[Stored items from a collection]
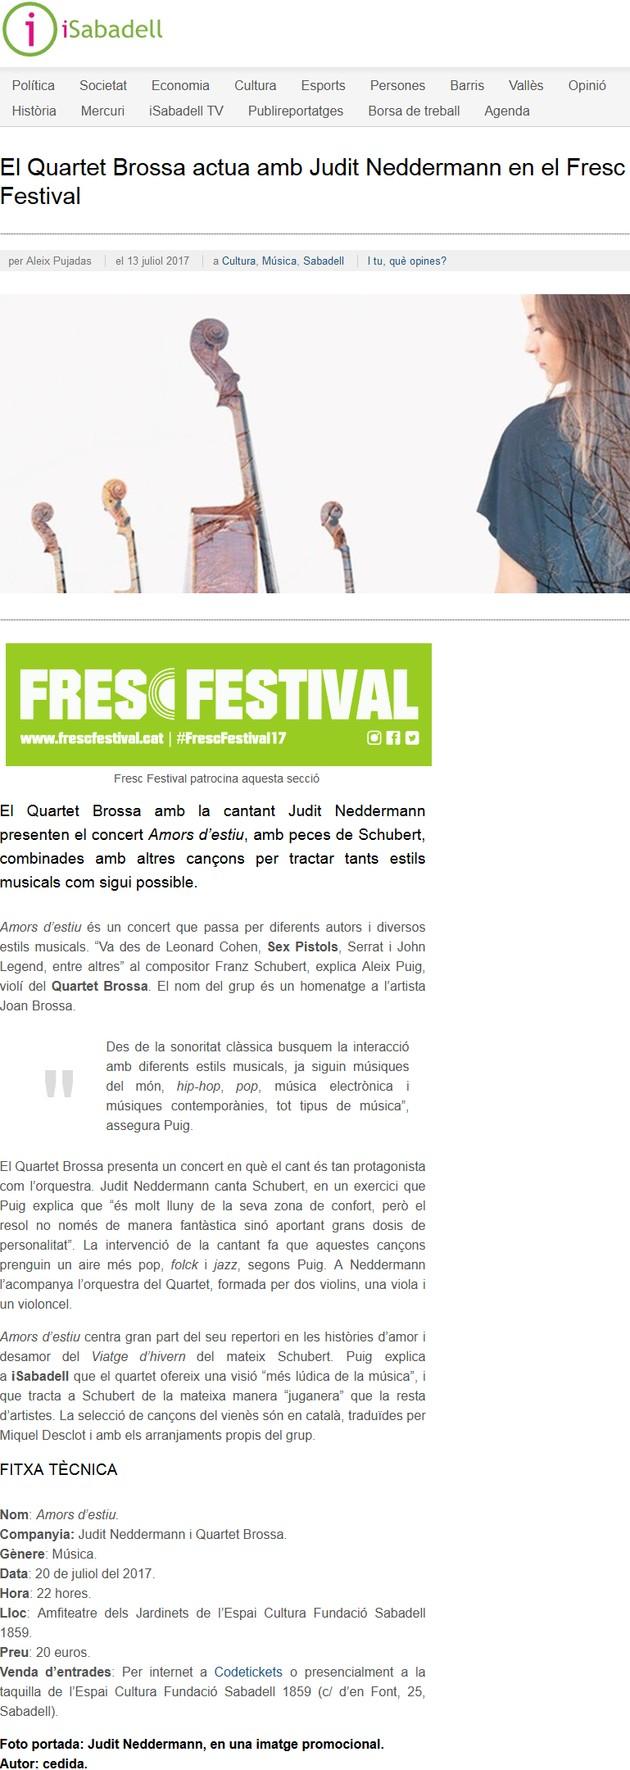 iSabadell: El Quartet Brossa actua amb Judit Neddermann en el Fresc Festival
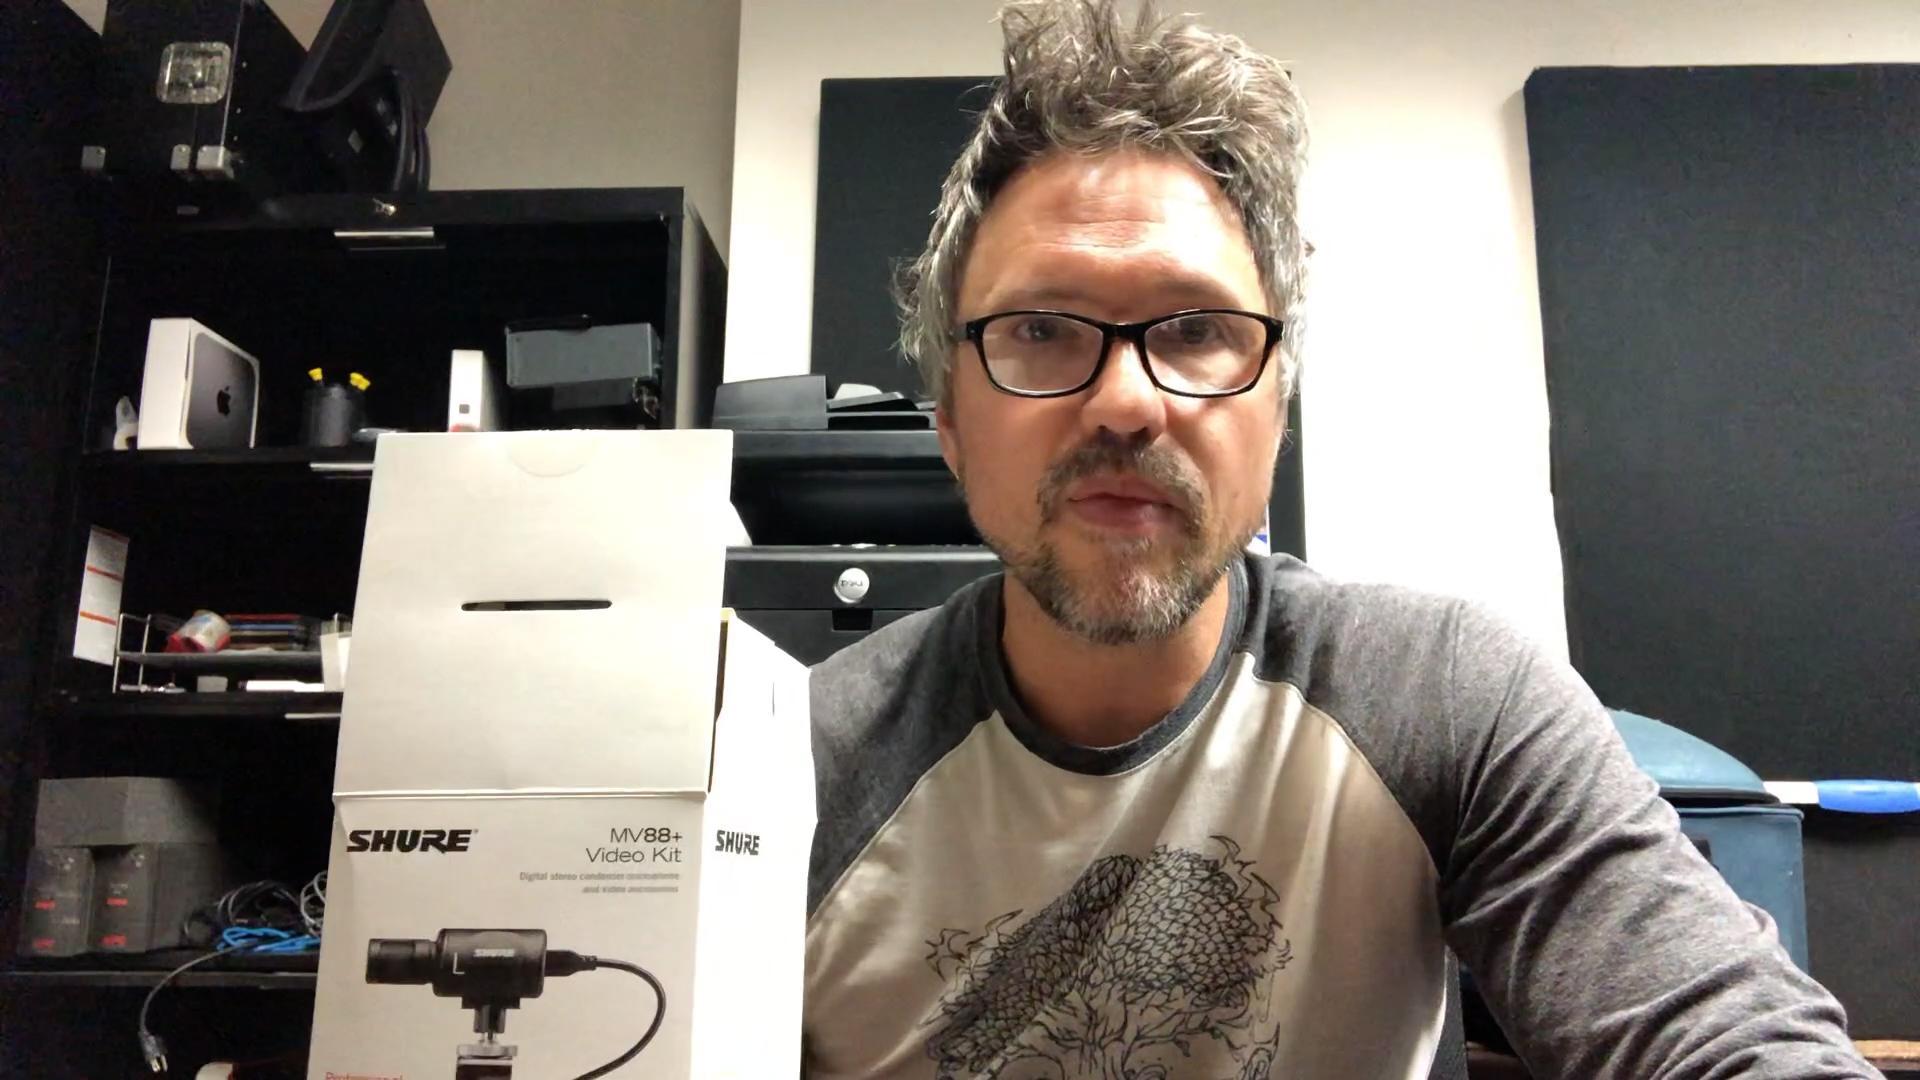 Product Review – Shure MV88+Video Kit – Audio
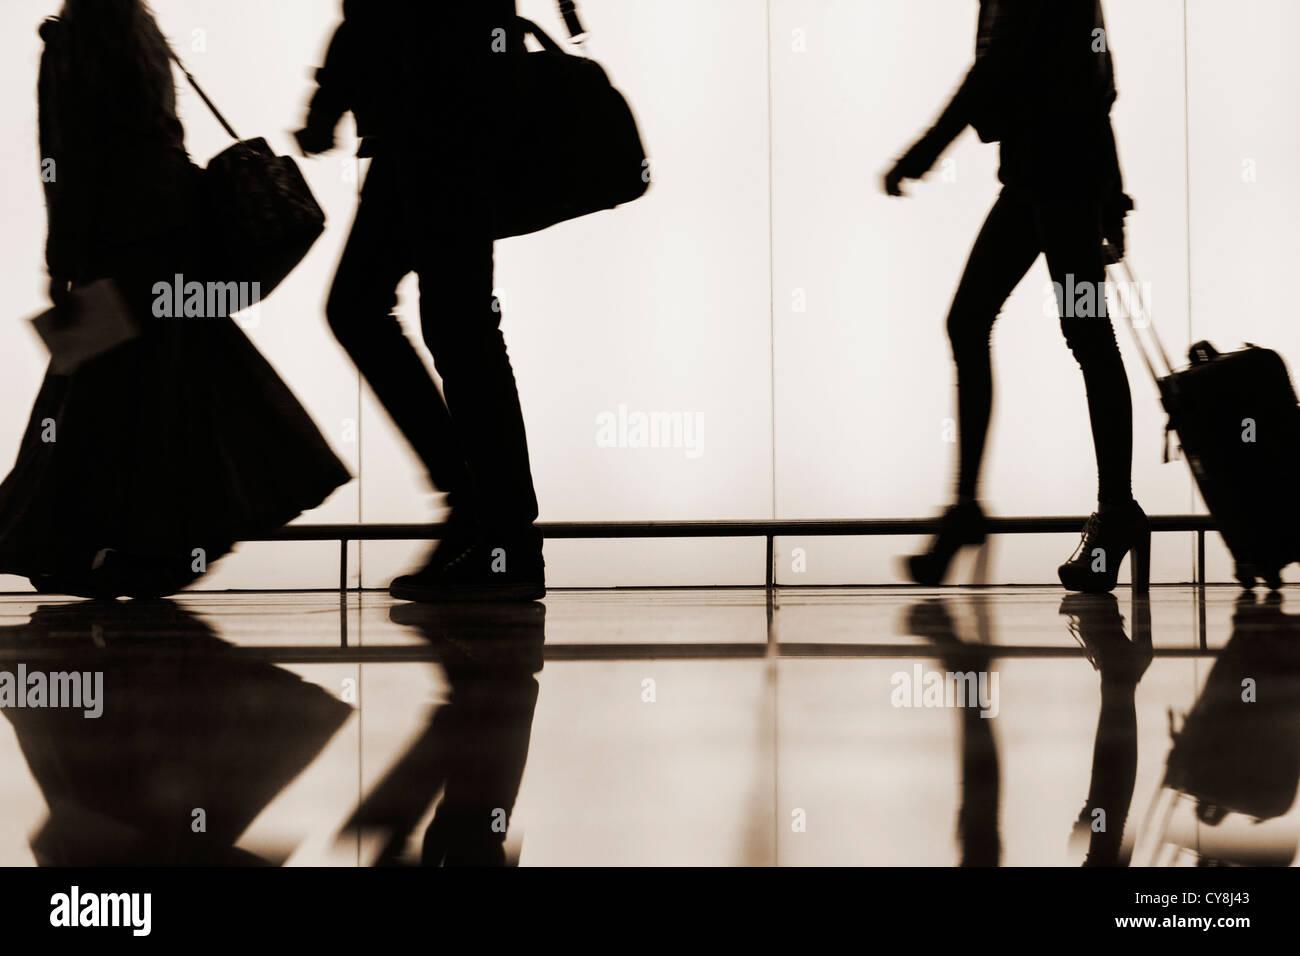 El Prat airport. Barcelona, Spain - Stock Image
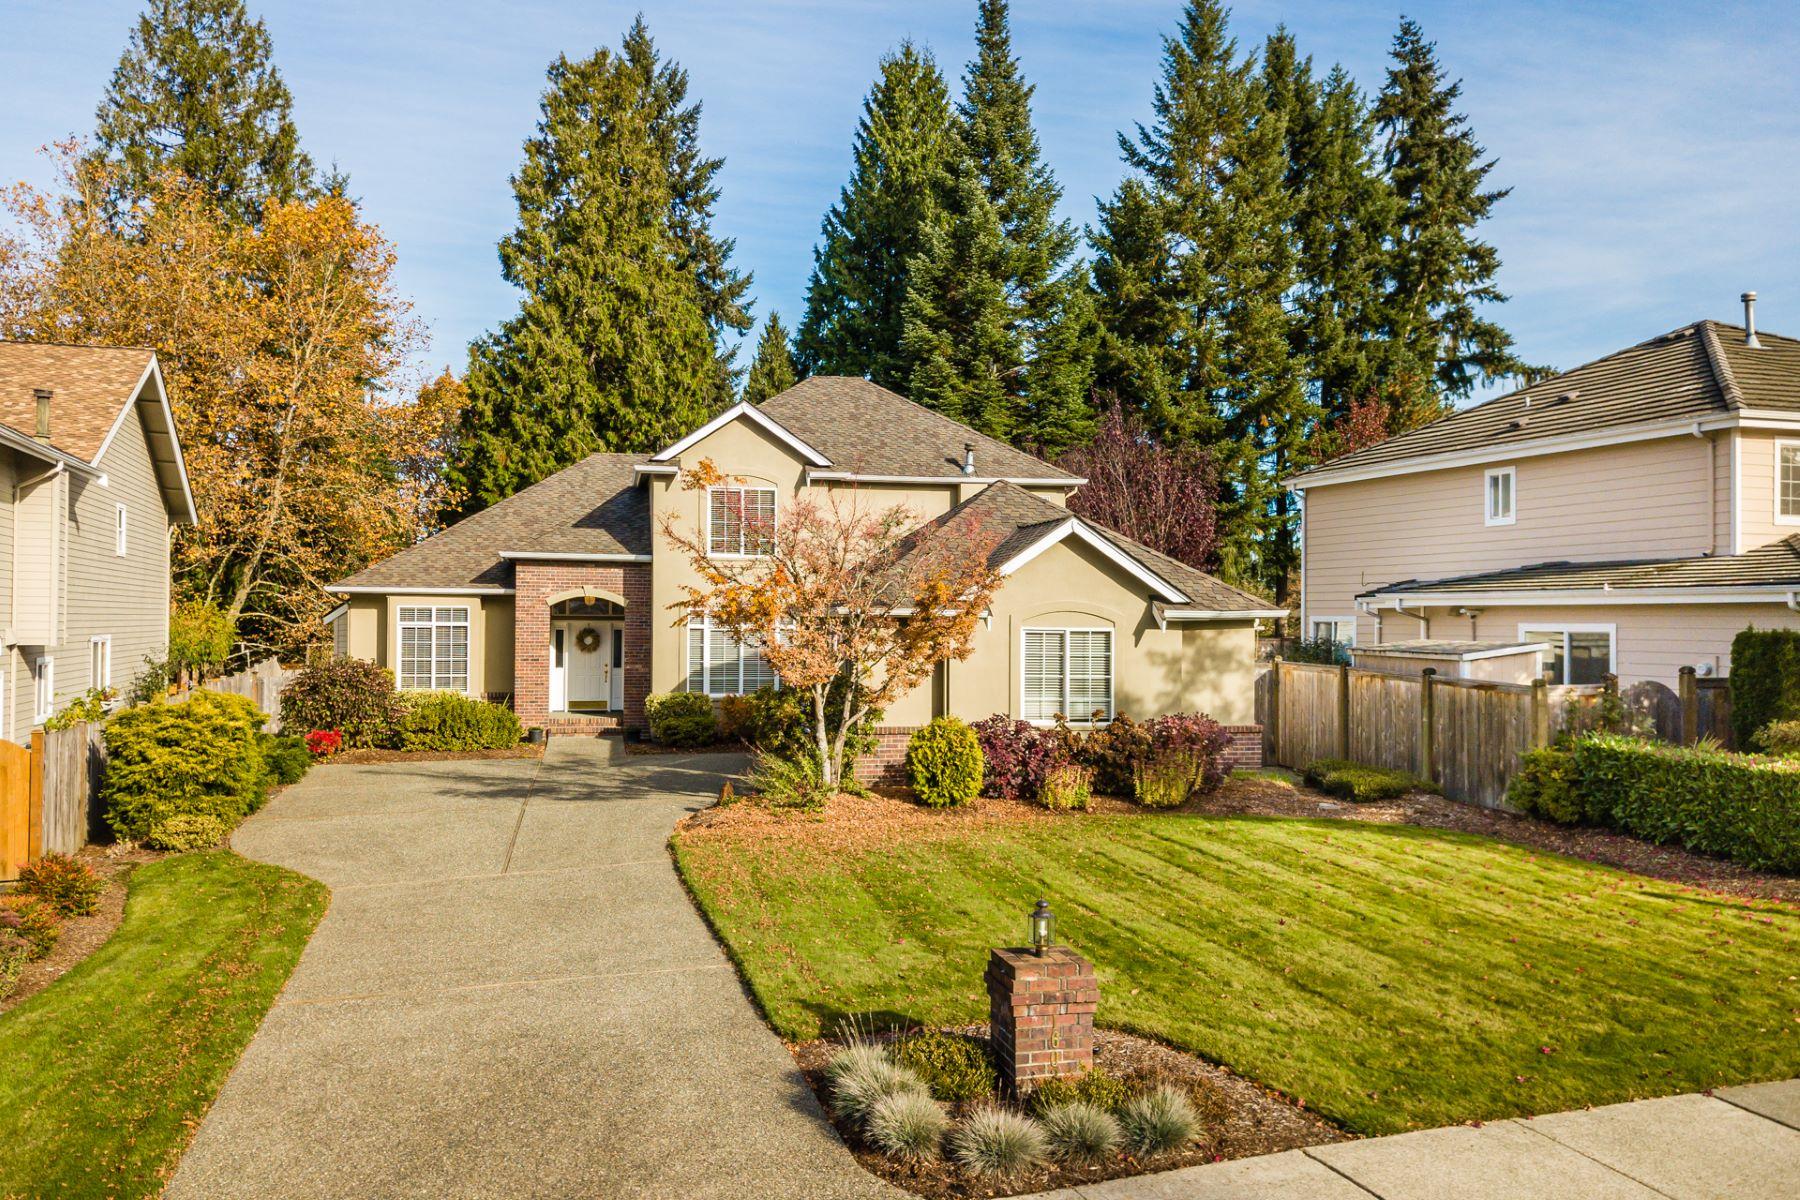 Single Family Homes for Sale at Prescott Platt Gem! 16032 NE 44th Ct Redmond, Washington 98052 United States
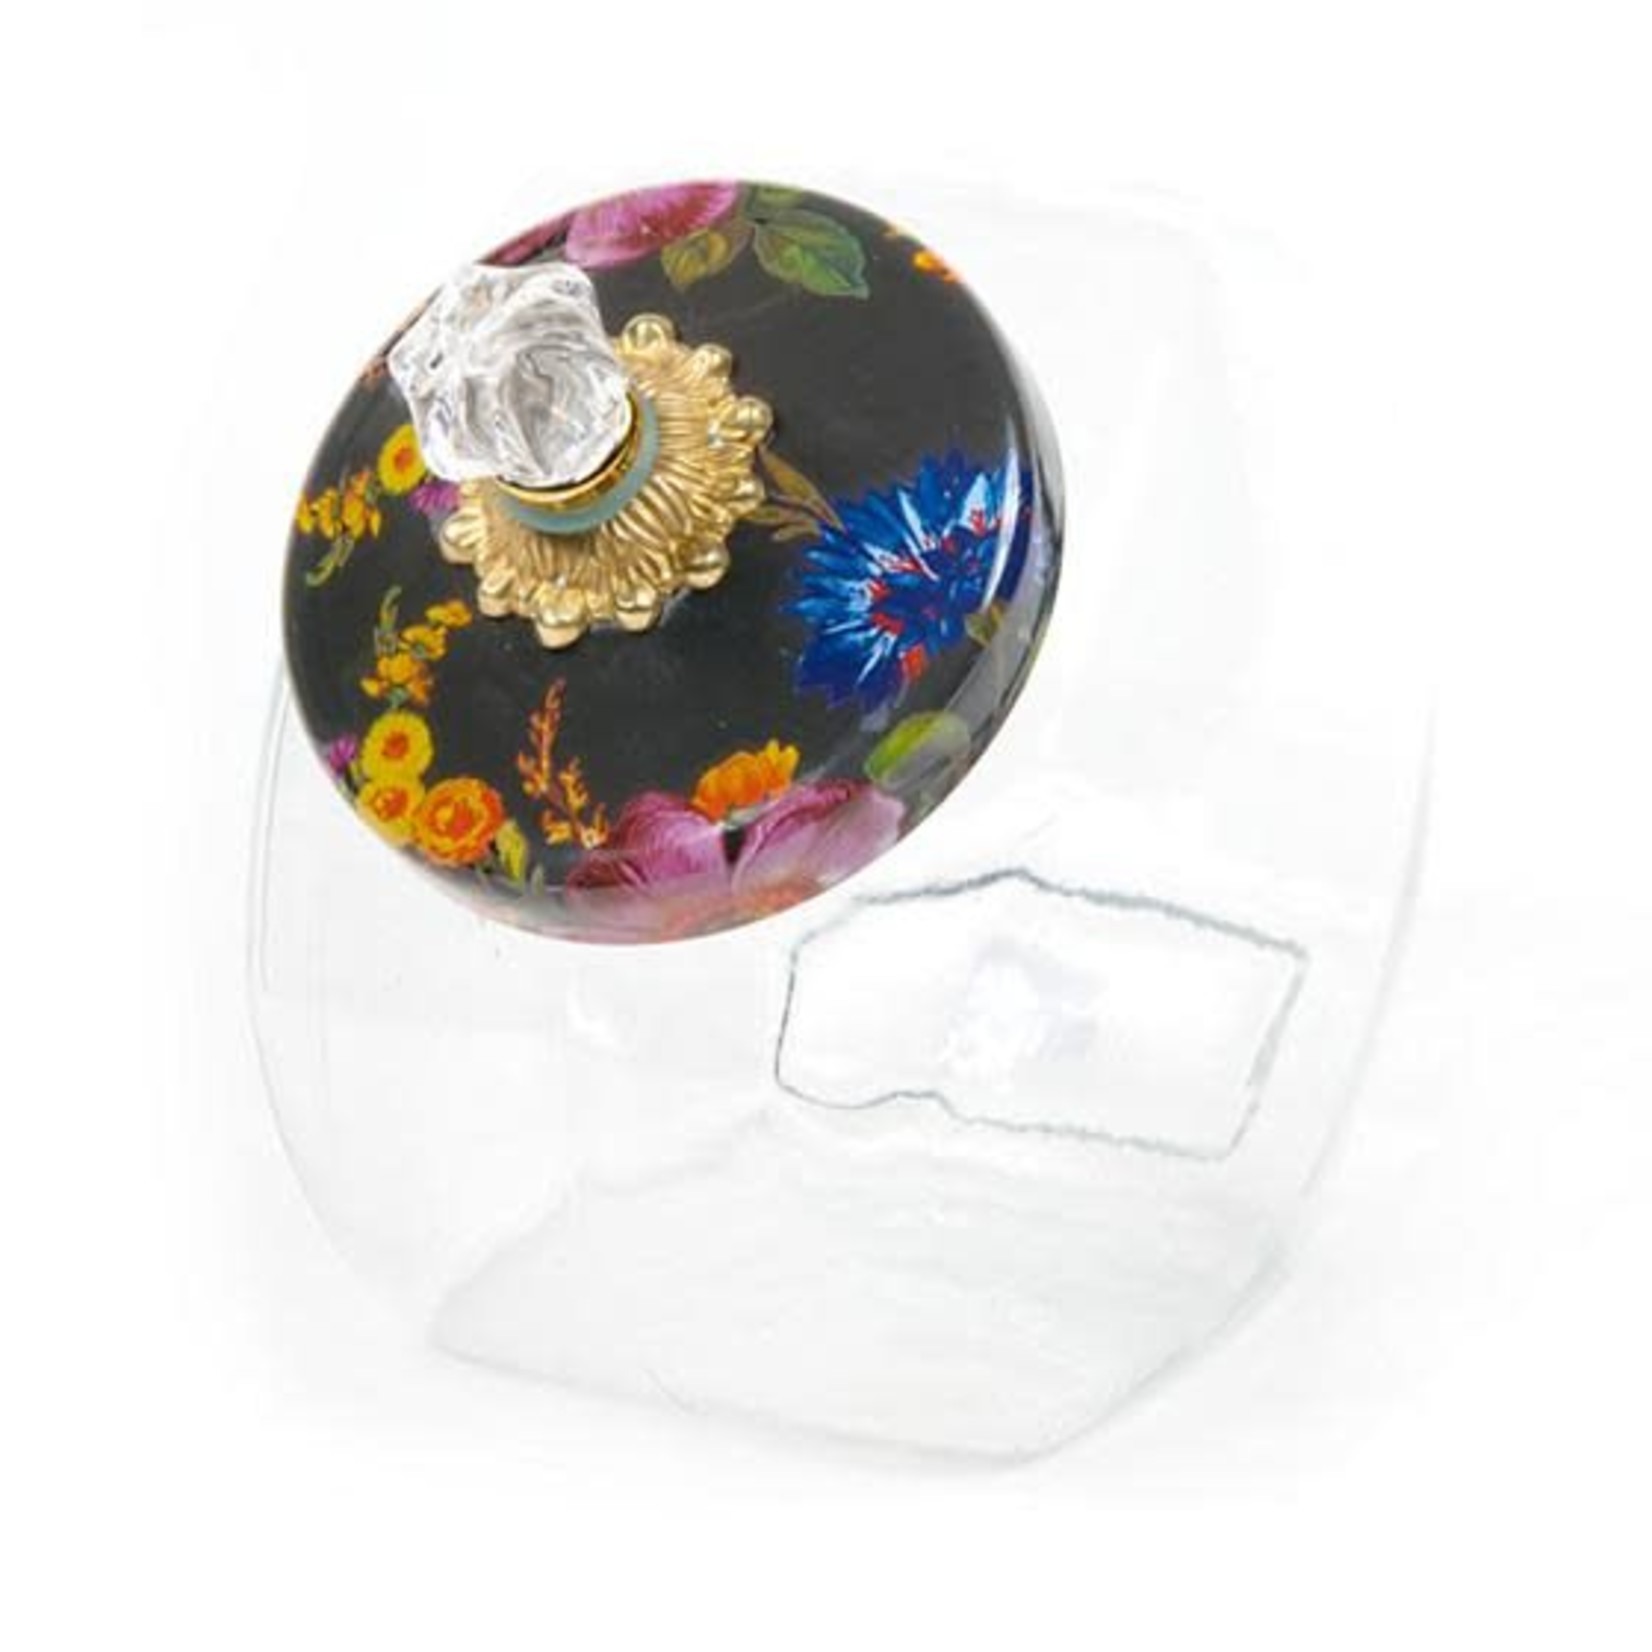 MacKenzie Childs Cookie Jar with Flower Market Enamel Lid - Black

Required action =>
A faithful copy of the data above is wanted, with every image left out.

Result =>
 iSabadell: El Quartet Brossa actua amb Judit Neddermann en el Fresc Festival
 Product Review – Shure MV88+Video Kit – Audio
 El Prat airport. Barcelona, Spain - Stock Image
 Single Family Homes for Sale at Prescott Platt Gem! 16032 NE 44th Ct Redmond, Washington 98052 United States
 MacKenzie Childs Cookie Jar with Flower Market Enamel Lid - Black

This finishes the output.